My senior year in High School, I’m sitting at the National FFA Convention in Kansas City when I learned the greatest lesson FFA has to teach, I’m spellbound as the legendary Agricultural Broadcaster Orion Samuelson is giving the keynote address. Mr. Samuelson, the titan of our industry gave a great speech that for 45 minutes held the entire audience captive in his hands.He closed that day, as he often does, by quoting the Robert Hastings Poem The Station. It was an aha moment that I will never forget.

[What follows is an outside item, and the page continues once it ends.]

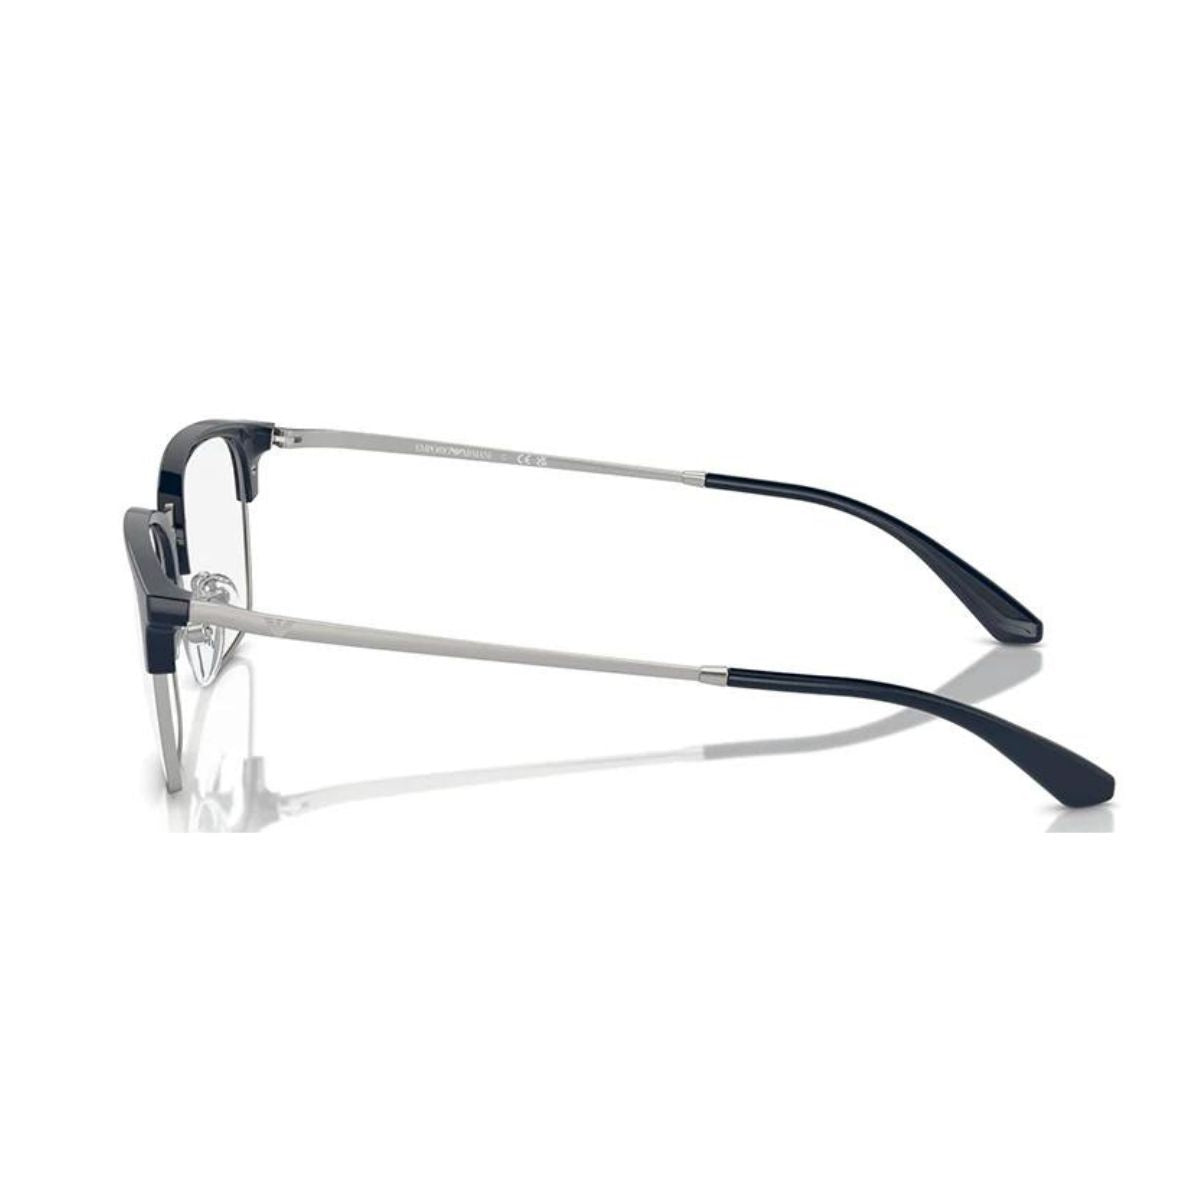 "Emporio Armani 3243 3045 Eye Sight Glasses Frame For Men's At Optorium"

“Tucked away in our subconscious is an idyllic vision. We see ourselves on a long trip that spans the continent. We are traveling by train. Out the windows we drink in the passing scene of cars on nearby highways, of children waving at a crossing, of cattle grazing on a distant hillside, of smoke pouring from a power plant, of row upon row of corn and wheat, of flatlands and valleys, of mountains and rolling hillsides, of city skylines and village halls.
But uppermost in our minds is the final destination. Bands will be playing and flags waving. Once we get there our dreams will come true, and the pieces of our lives will fit together like a jigsaw puzzle. How restlessly we pace the aisles, damning the minutes for loitering – waiting, waiting, waiting for the station.
“When we reach the station, that will be it!” we cry.
“when I’m 18”
“when I buy a new 450sl Mercedes-Benz!”
“when I put the last kid through college”
“when I have paid off the mortgage!”
“when I get a promotion.”
“when I reach the age of retirement,I shall live happily ever after!”
Sooner or later we realize there is no station, no one place to arrive at once and and for all. The true joy of life is the trip. The station is only a dream. It constantly outdistances us. “Relish the moment” is a good motto, especially when coupled with Psalm 118:24: “This is the day which the Lord hath made; we will rejoice and be glad in it.” It isn’t the burdens of today that drive men mad. It is the regrets over yesterday and the fear of tomorrow. Regret and fear are twin thieves who rob us of today.
So stop pacing the aisles and counting the miles. Instead climb more mountains, eat more ice cream, go barefoot more often, swim more rivers, watch more sunsets, laugh more, cry less. Life must be lived as we go along. The station will come soon enough.”

We often forget that we get but four short years to wear that jacket and therefore forget to relish the moments while we’re in them.

The greatest lesson that I learned in FFA is that the station will constantly outdistance us. We must enjoy the trip and keep grinding as we chase it. Our station will come soon enough.